#### YOUR OBJECTIVE:
Leave out any picture and return the remaining listing below exactly as given.

#### SUPPLIED INFORMATION:
════════════════════

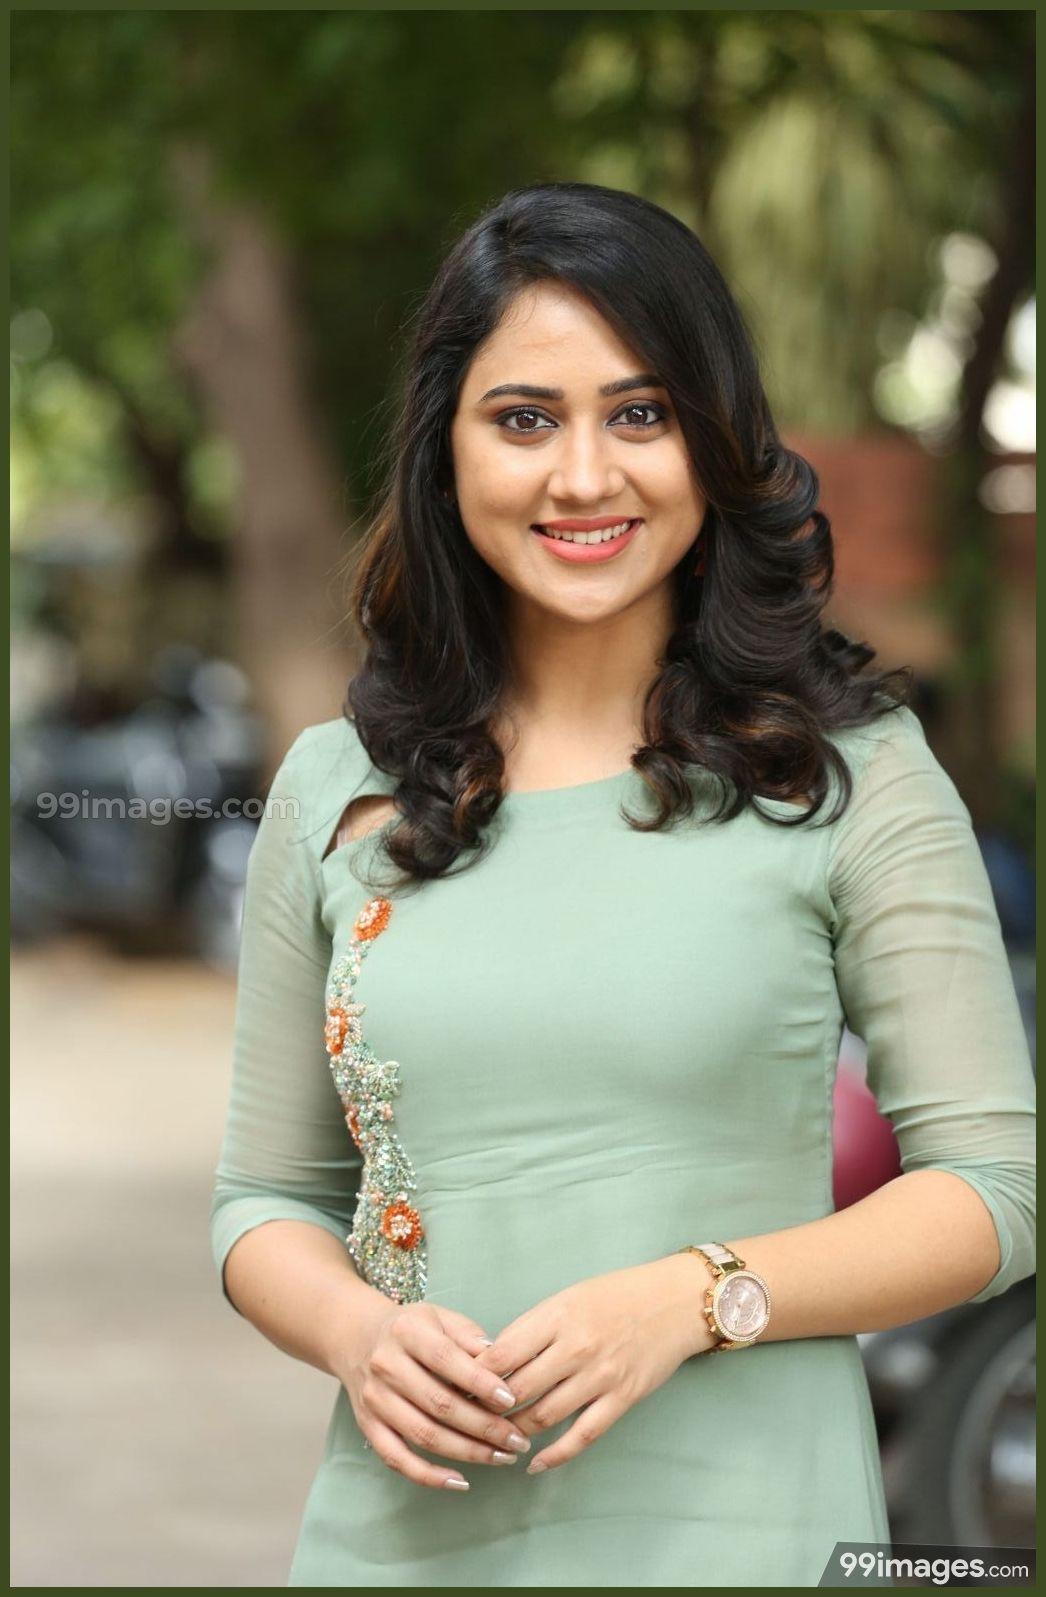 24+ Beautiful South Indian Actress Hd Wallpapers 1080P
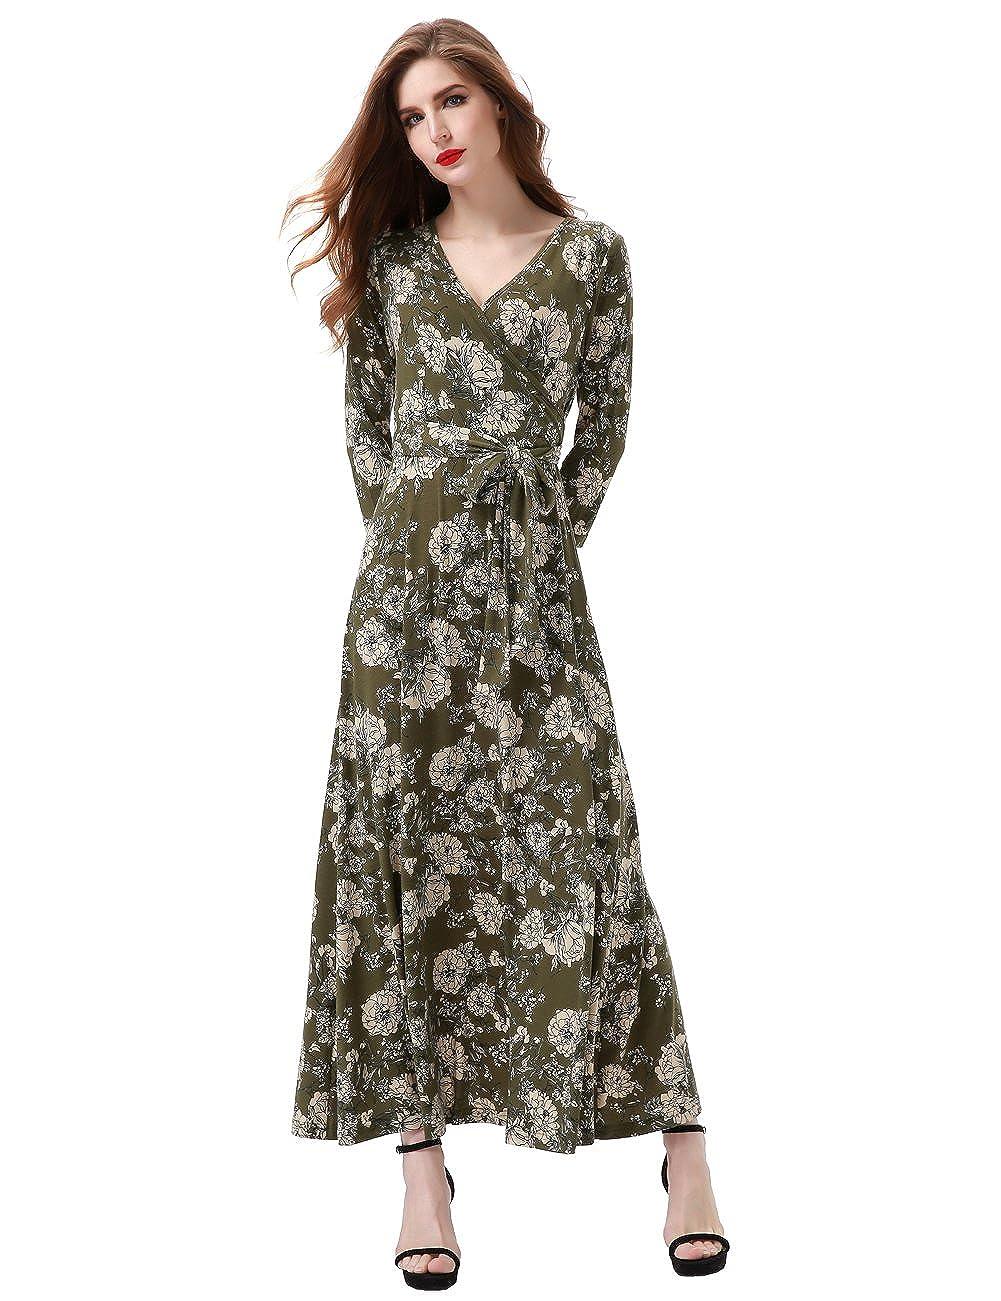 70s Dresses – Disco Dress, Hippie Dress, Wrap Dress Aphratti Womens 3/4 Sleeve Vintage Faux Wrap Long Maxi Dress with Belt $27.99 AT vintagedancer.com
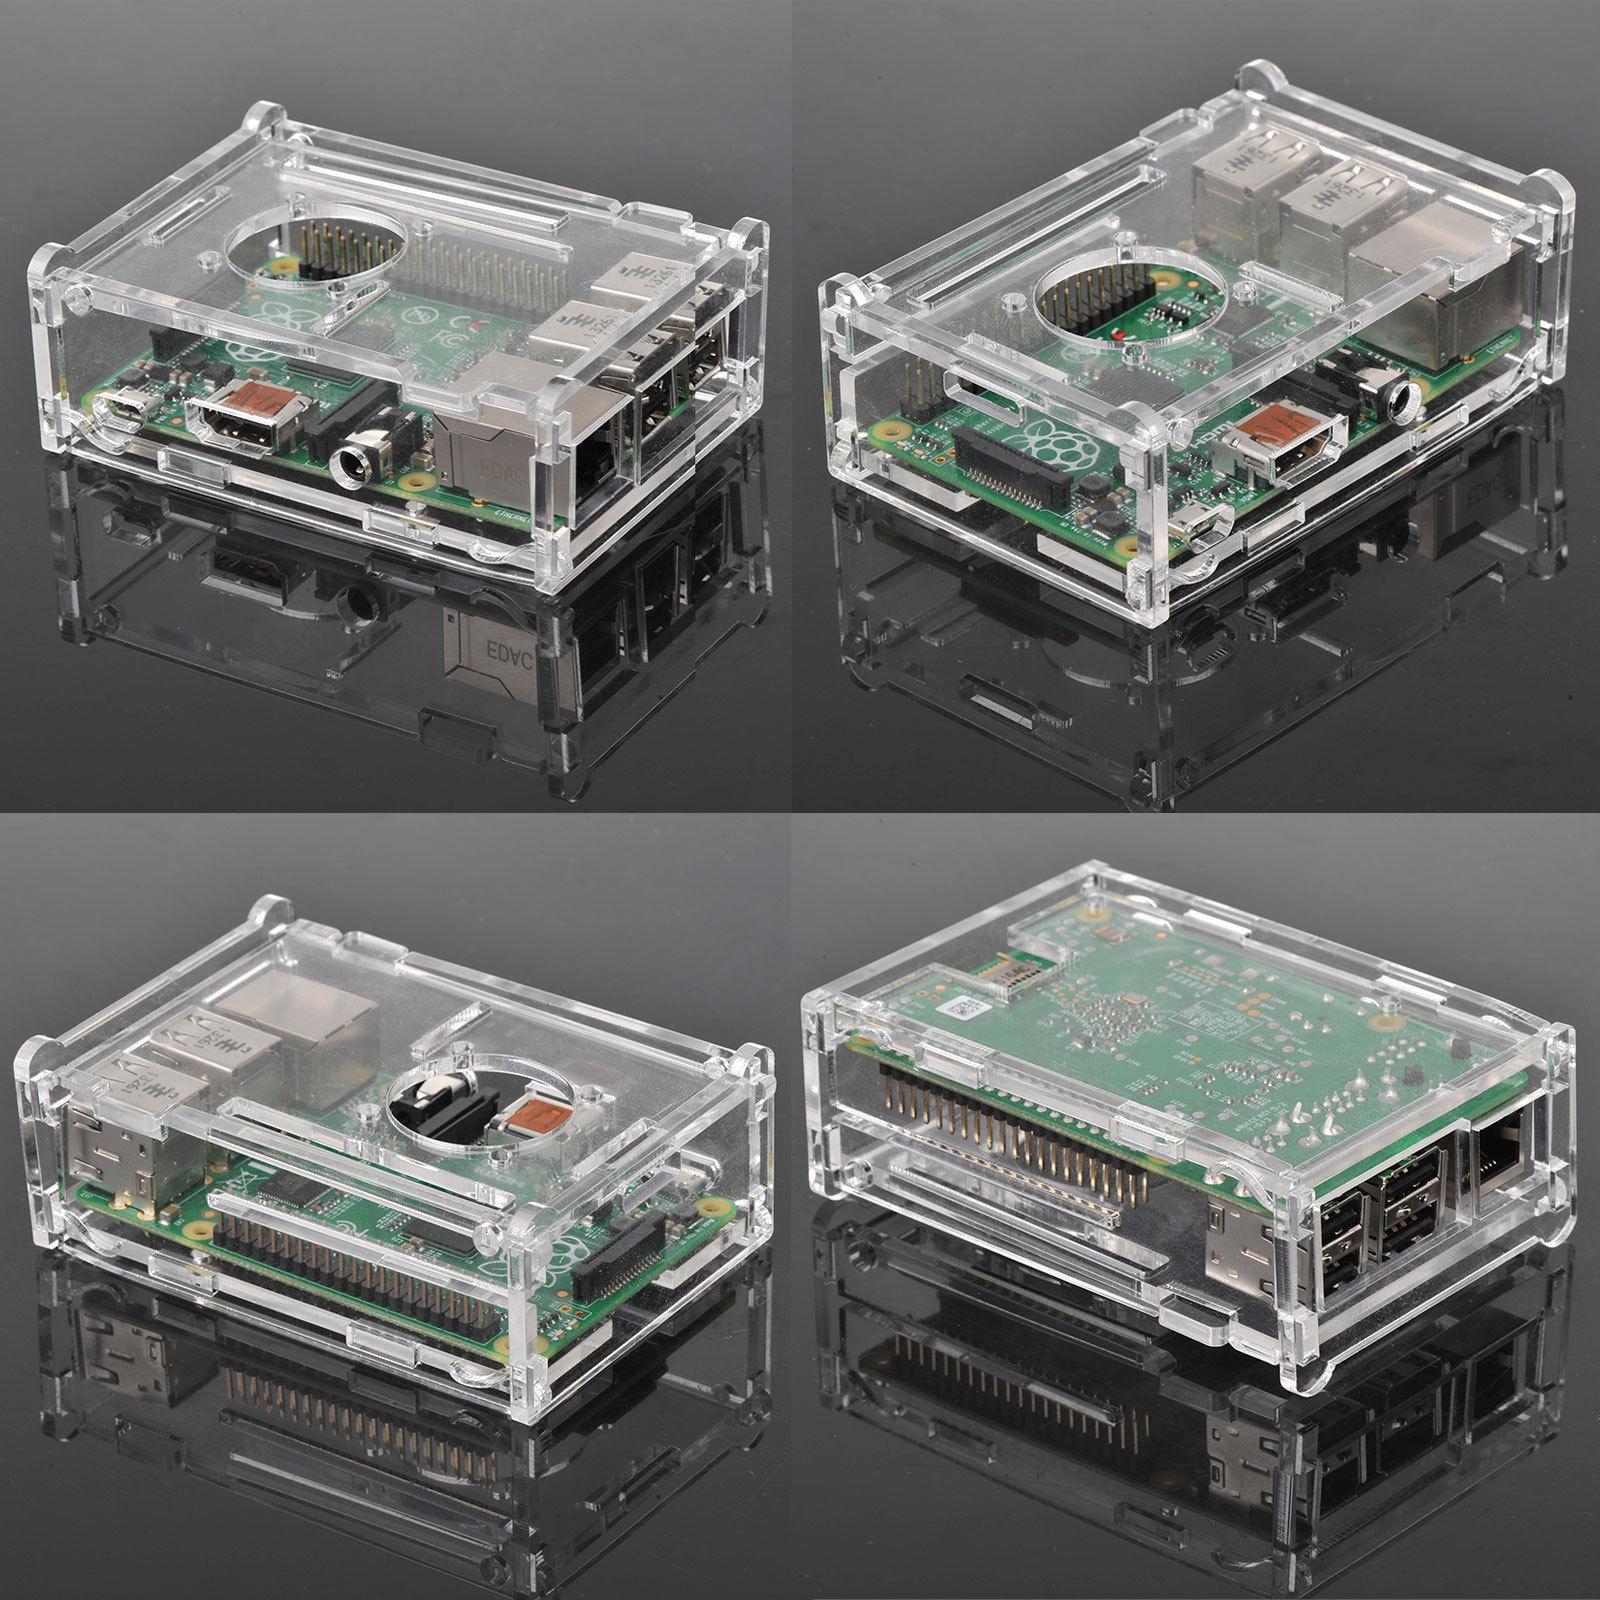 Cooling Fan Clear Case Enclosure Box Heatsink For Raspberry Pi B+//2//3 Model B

════════════════════

#### WRITTEN SOLUTION:
 24+ Beautiful South Indian Actress Hd Wallpapers 1080P
 70s Dresses – Disco Dress, Hippie Dress, Wrap Dress Aphratti Womens 3/4 Sleeve Vintage Faux Wrap Long Maxi Dress with Belt $27.99 AT vintagedancer.com
 Cooling Fan Clear Case Enclosure Box Heatsink For Raspberry Pi B+//2//3 Model B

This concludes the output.